Supervised GenServer process disappeared and wasn't restarted

Greetings!

Tonight we had an incident in production when a somewhat important GenServer process seemingly disappeared and had not been restarted by a supervisor. This is the first incident in 2.5 years since this worker had been introduced.

The GenServer in question has basically the following structure:

defmodule MyWorker do
  use GenServer, restart: :transient

  def start_link(opts) do
    GenServer.start_link(__MODULE__, opts, name: __MODULE__)
  end

  @impl GenServer
  def init(opts) do
    Process.send_after(self(), :do_work, 500)

    {:ok, opts}
  end

  @impl GenServer
  def handle_info(:do_work, state) do
    do_some_work(state)
    Process.send_after(self(), :do_work, 500)

    {:noreply, state}
  end

  defp do_some_work(state) do
     # query DB
     # send HTTP request
     # that's all - no OTP messaging, exits, etc.
  end
end

This GenServer is started as part of a Supervisor (let’s call it MySupervisor). MySupervisor uses the :one_for_one strategy, all other init options are default.

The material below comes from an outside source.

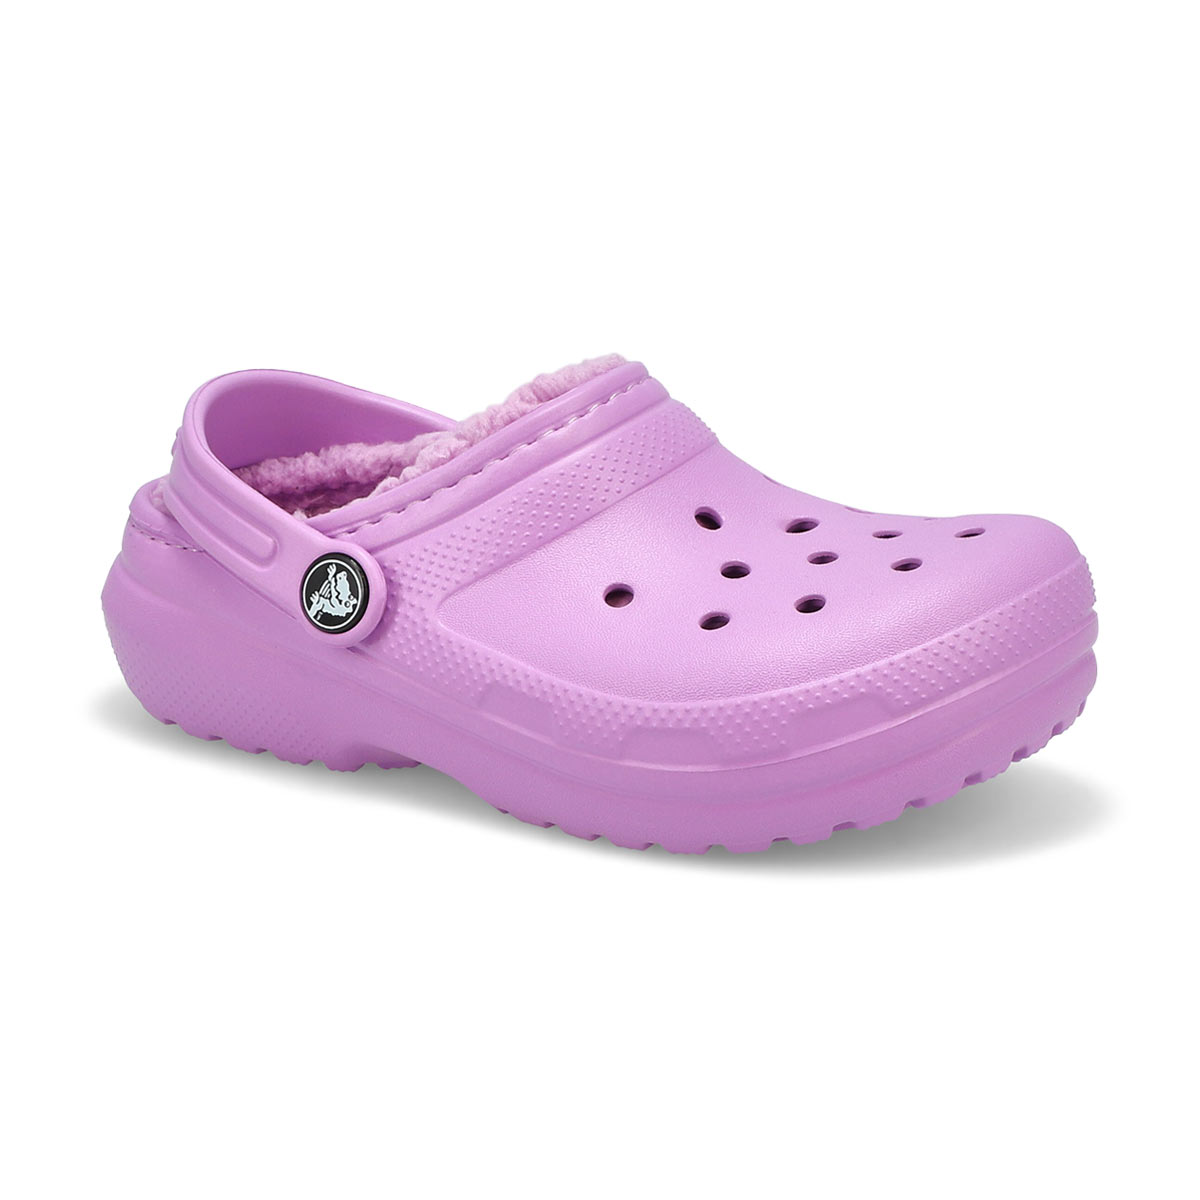 Kids' Classic Lined Clog - Orchid

When I connected to the remote console, I found out that the process is not alive - Process.whereis(MyWorker) returned nil, Supervisor.which_children(MySupervisor) returned the following entry for MyWorker:

{MyWorker, :undefined, :worker, [MyWorker]}

As far as I understand, this means MyWorker’s child spec was known to MySupervisor, but the worker process itself was not running. I restarted MyWorker with Supervisor.restart_child/2 and started figuring out what went wrong.

The obvious culprit is restart: :transient - as MyWorker was intended to work indefinitely and to never successfully terminate, it should have been :permanent. If we assume MyWorker terminated normally, it explains why it wasn’t restarted.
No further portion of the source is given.